*** Material provided Section Begins ***

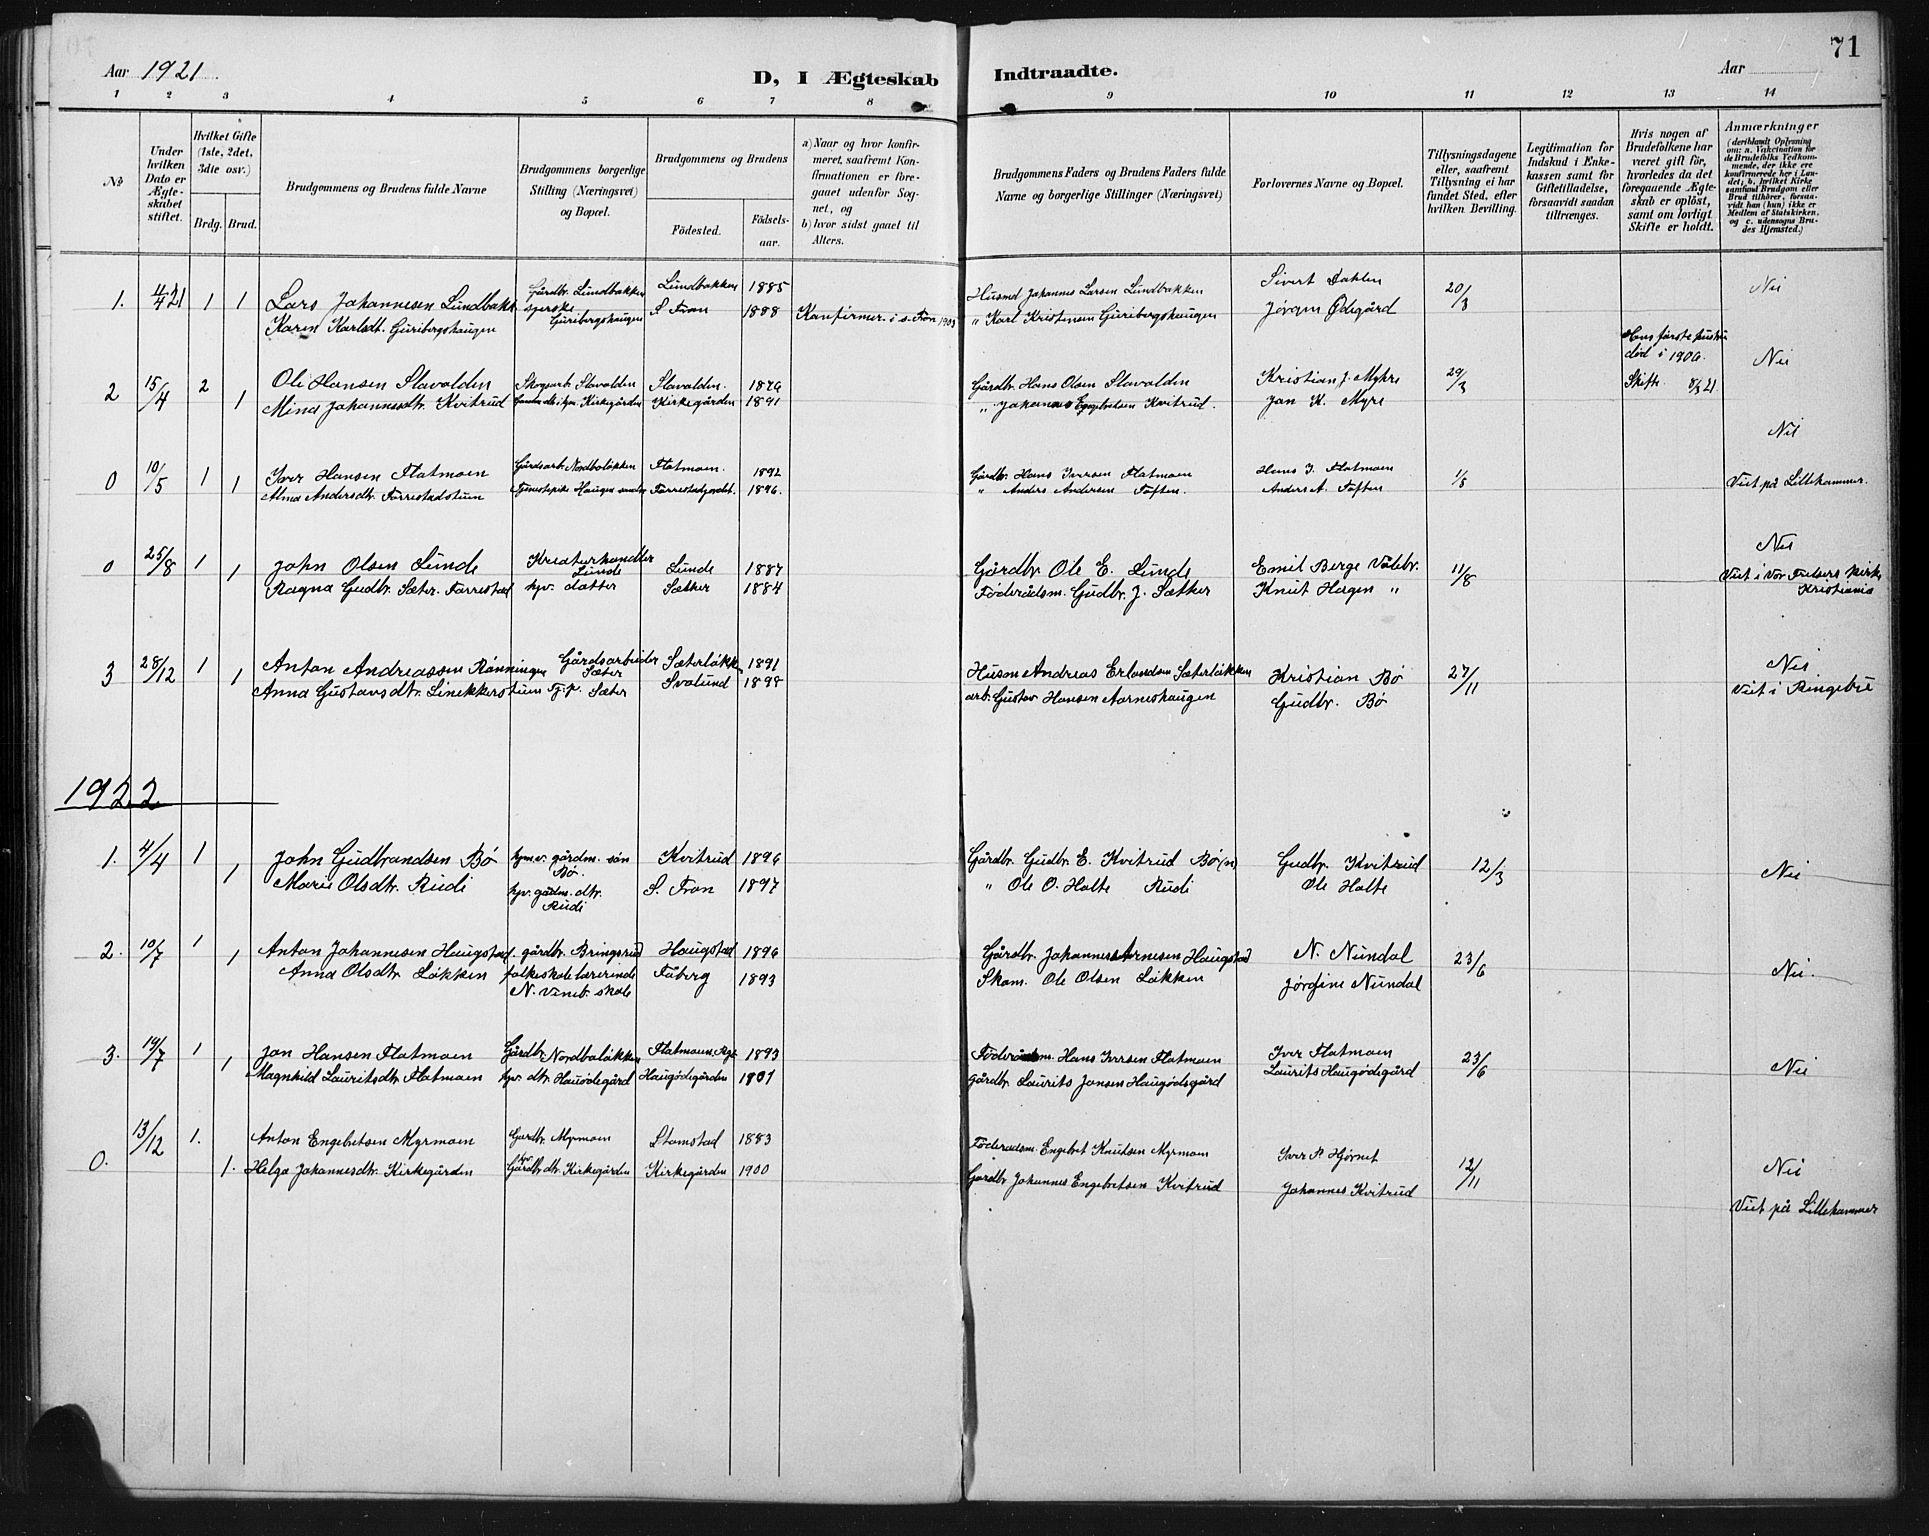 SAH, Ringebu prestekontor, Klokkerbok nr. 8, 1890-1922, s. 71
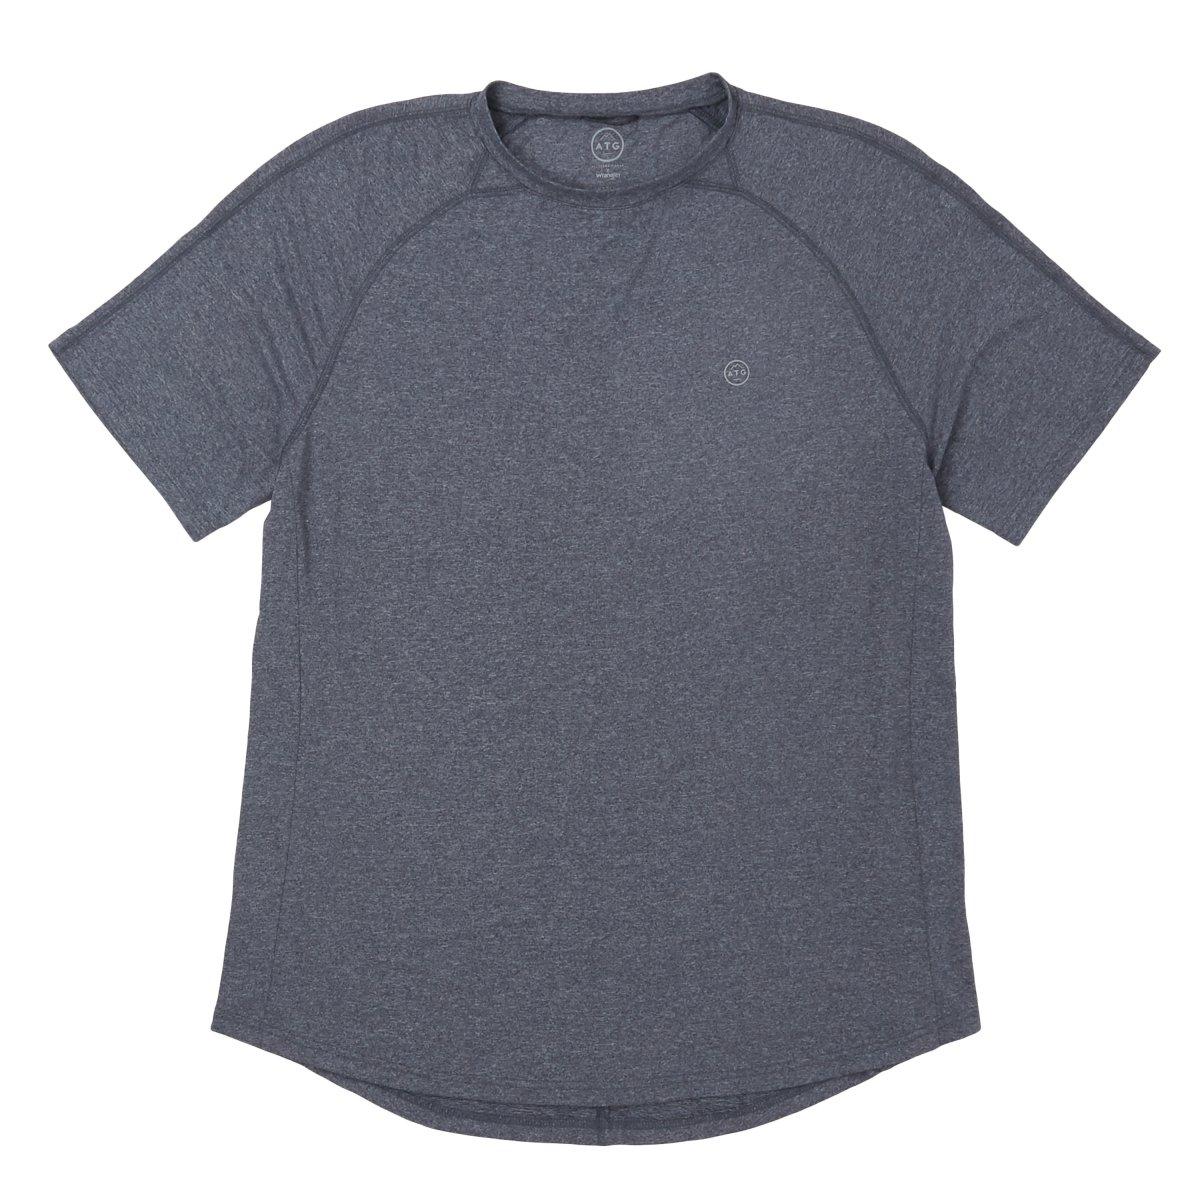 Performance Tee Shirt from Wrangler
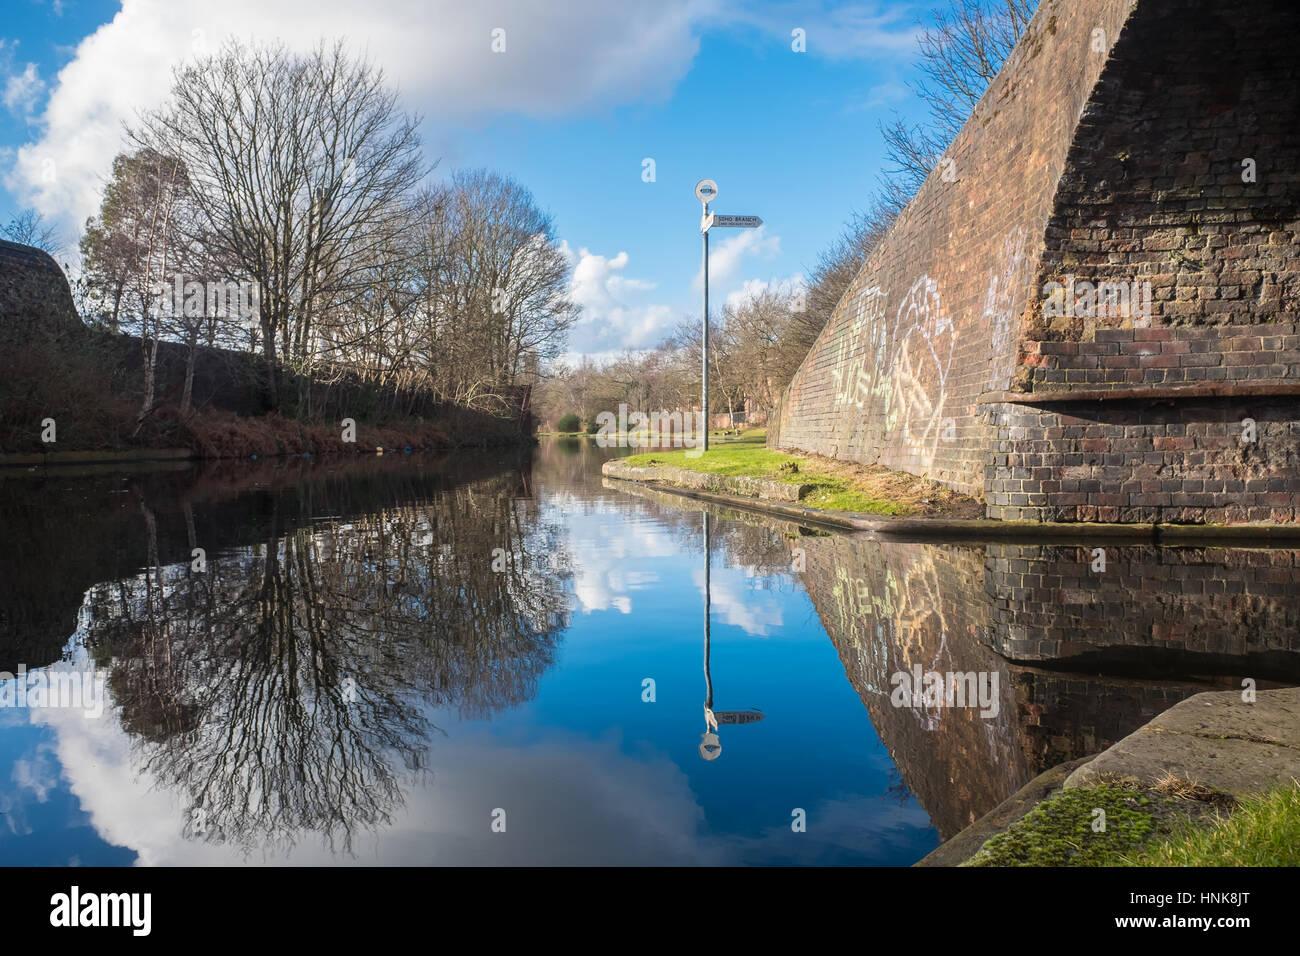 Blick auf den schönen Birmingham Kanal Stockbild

*** Material provided Section Ends ***

Problem to work on: Copy the material verbatim. The pictures are not part of the copy.

Task solution:
 SAH, Ringebu prestekontor, Klokkerbok nr. 8, 1890-1922, s. 71
 Performance Tee Shirt from Wrangler
 Blick auf den schönen Birmingham Kanal Stockbild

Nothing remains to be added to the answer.